By updating the build script in the Github repo, you could update this to a
newer version of Python 3.

To make a Windows binary doing the same thing would require a reasonable
amount of knowledge about object files, linking, and Windows DLLs. It might be
easier to use the MINGW GCC compiler rather than Microsoft, so consider that
possibility. First thing to do is to understand how the CPython binary on
Windows works and loads DLLs before actually executing Python code. The key is
to intercept this process so that you have total control over all object files
and do not rely on anything else being preinstalled on the target system.

------
milesvp
I think you named the ones I used a few years ago. cx_freeze and py2exe both
had issues. I was using 2.7 at the time, and I managed to get something
deployable that didn't require installing system libs, but wasn't a single
file either.

Python is my goto language for fast development, but it's always felt a little
clunky in windows. You may also need to consider gui issues. we ended up using
pyqt, and it didn't quite feel like a windows app either.

You may want to consider, and I hate to say this, javascript for your
language. The app we built had pdf libs we needed in python and not in
javascript so a browser based solution wasn't available to us at the time. But
being able to host the app is generally considered the easiest way to get
cross platform these days.

------
dagw
There is also Briefcase,
[https://pybee.org/project/projects/tools/briefcase/](https://pybee.org/project/projects/tools/briefcase/)

But last time I looked at it it was very much a work in progress.

------
tyingq
Pyinstaller mentions that one of the maintainers does paid support. You
mentioned it was commercial software, so perhaps just paying an expert to get
things going makes sense.

------
bonhardcomp
The outlook is much better in 2017 than it was just a few years ago. Another
+1 for PyQt. I wanted a native Mac look and you can get get pretty darn close
with Qt.
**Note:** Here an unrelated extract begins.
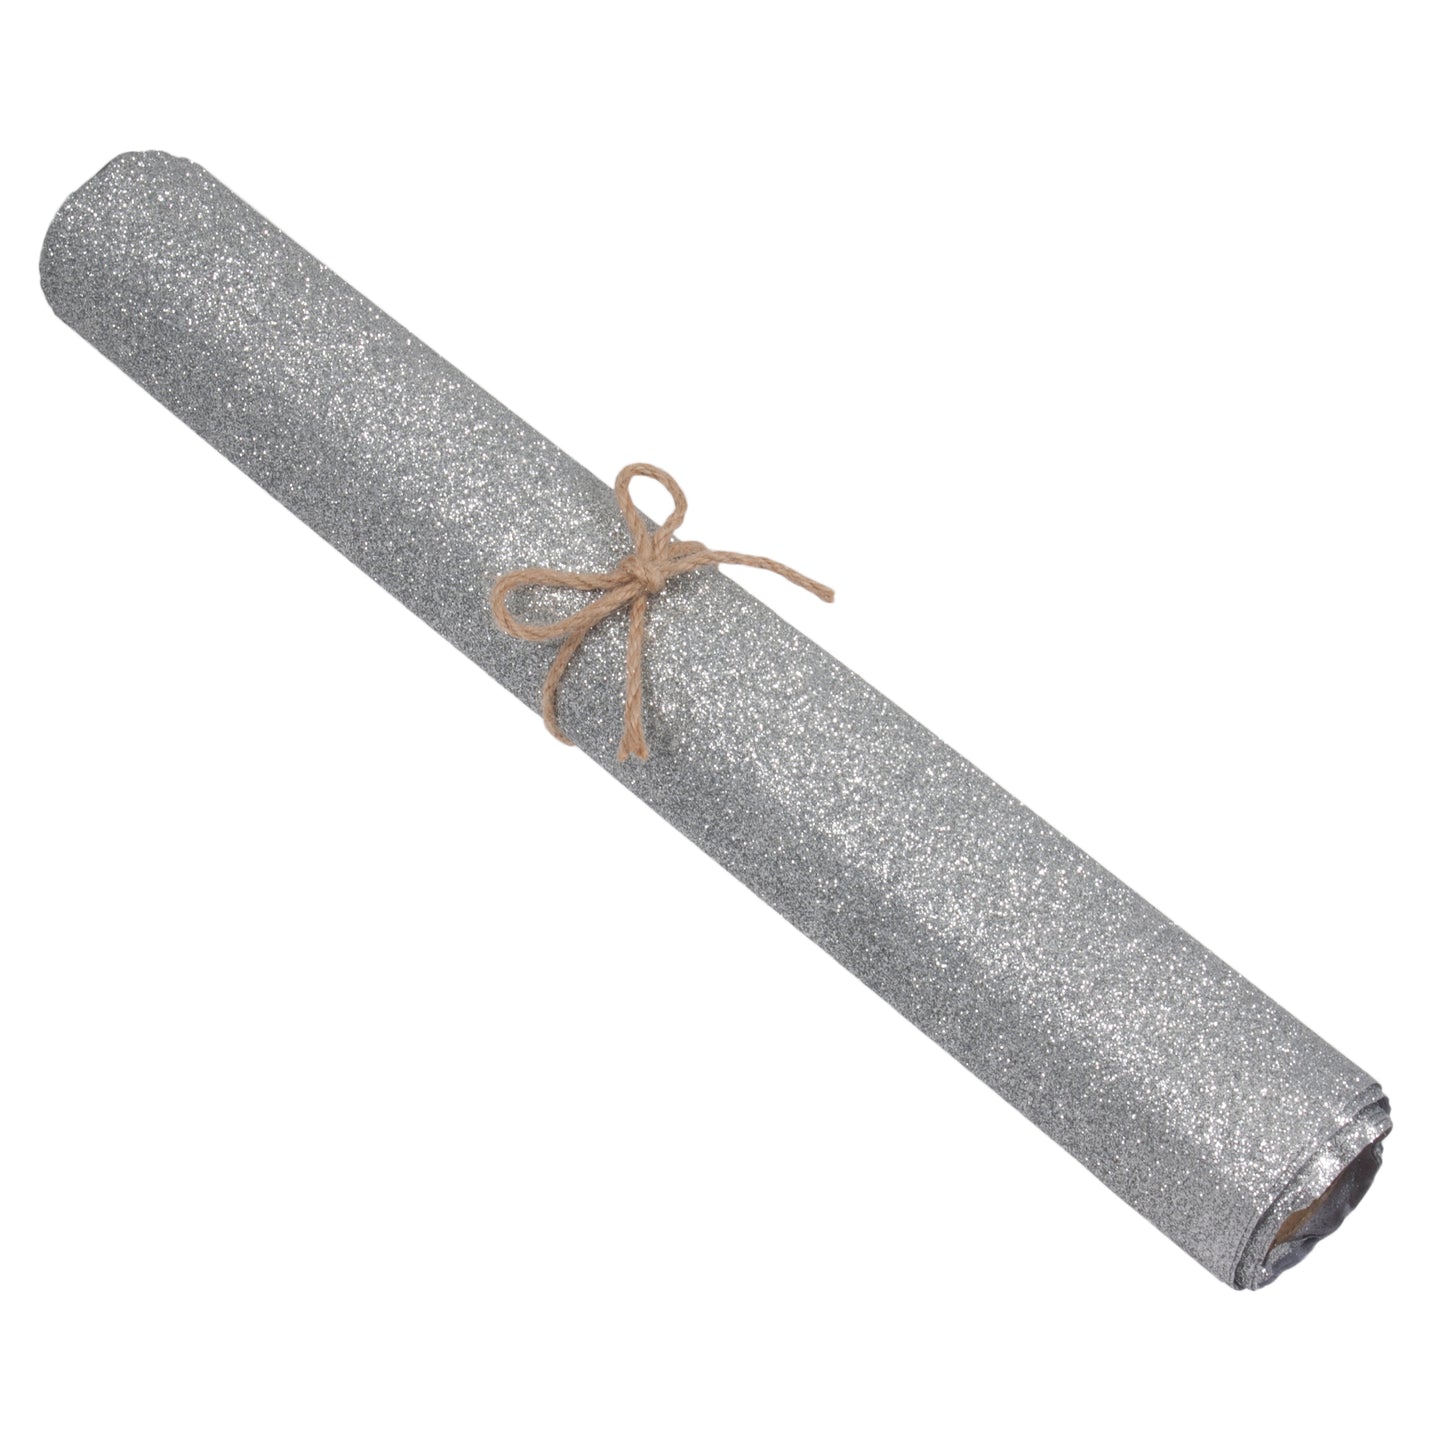 Glitter Fabric Roll: 2m x 40cm Silver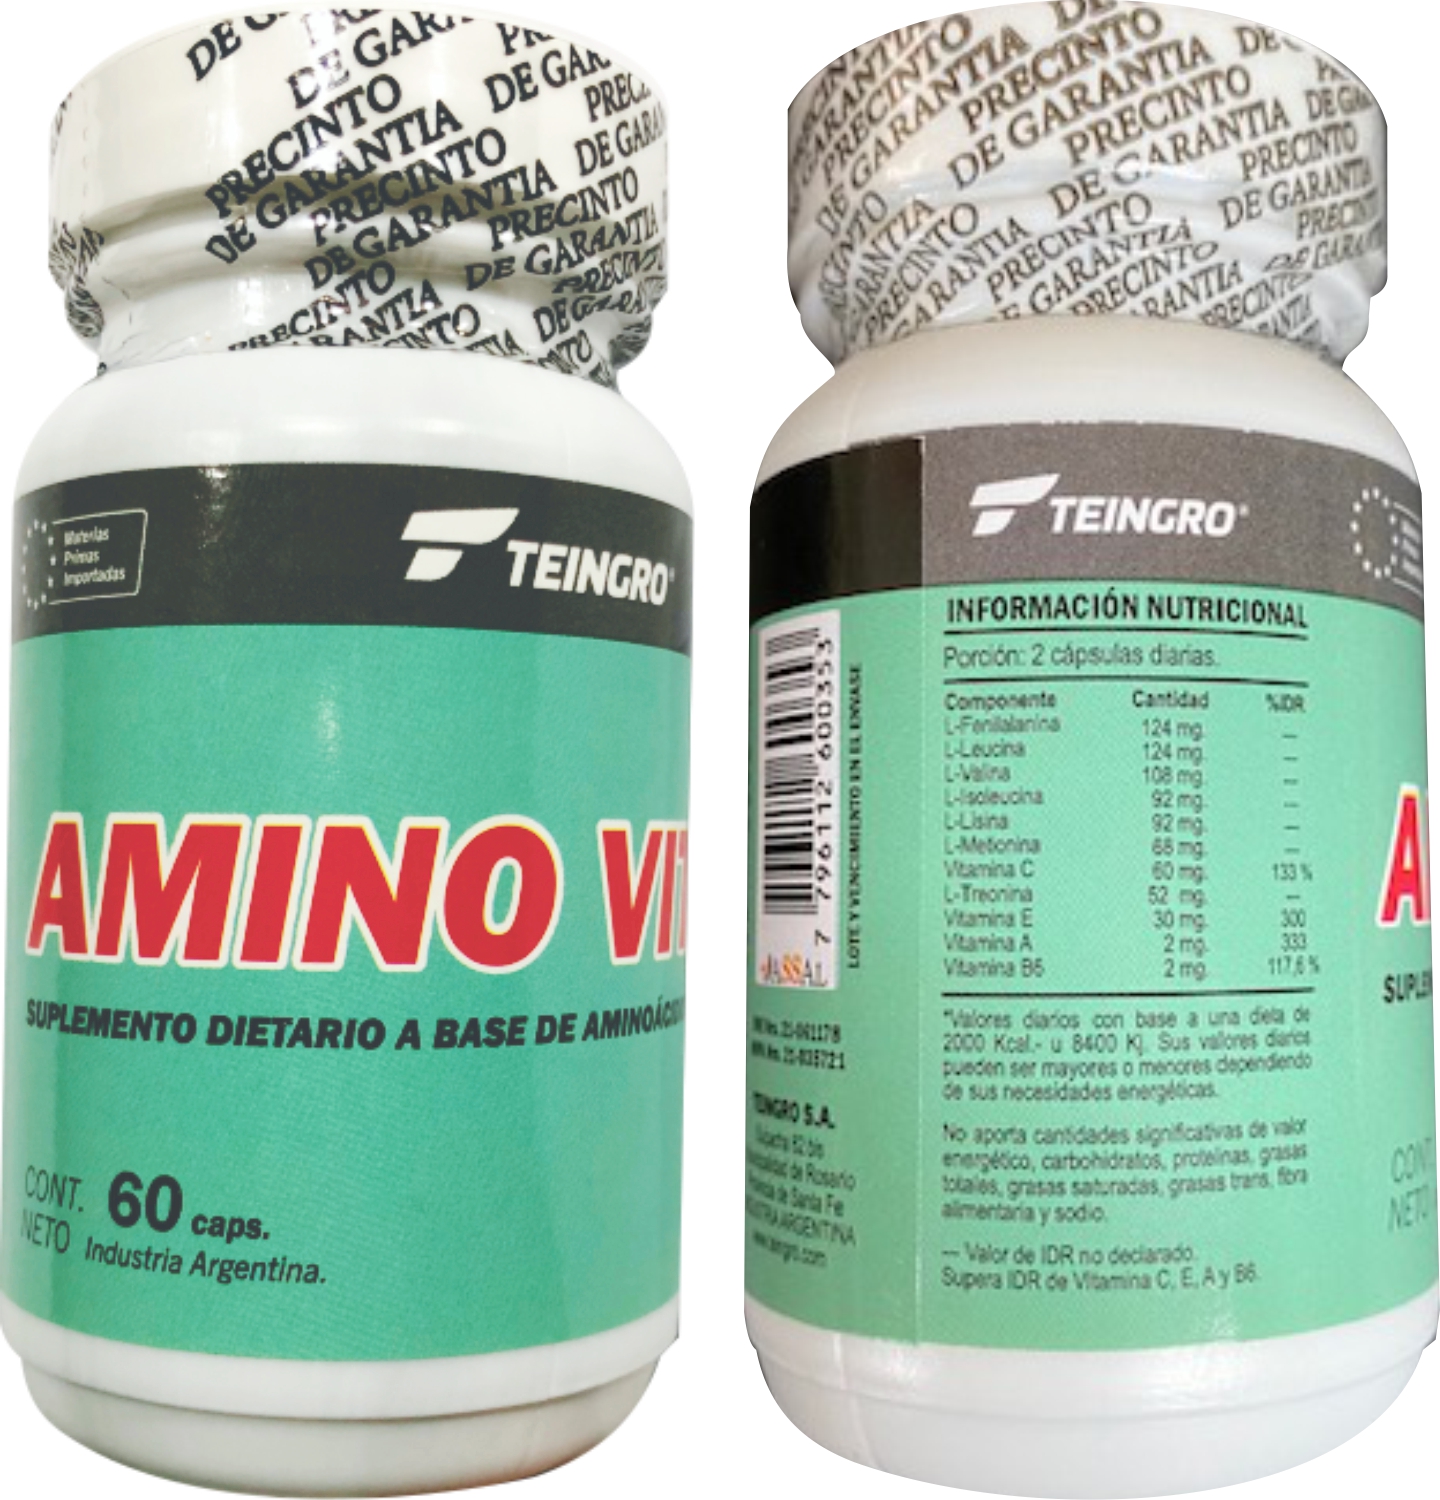 aminovital image

I've also used PyInstaller, which is superbly well documented.

------
testino
Py2exe with python 2.7 is ised for rcam-pro
[http://www.vintech.bg](http://www.vintech.bg)

------
Petrakis
I think you should check Visual Studio with C# and .NET

Thats what I would use (If target machines are windows)

I still havent tried Net core on Unix machines so I cant say much.

If you pack it into exe you lose the cross-platform thing, so you might aswell
use any other language.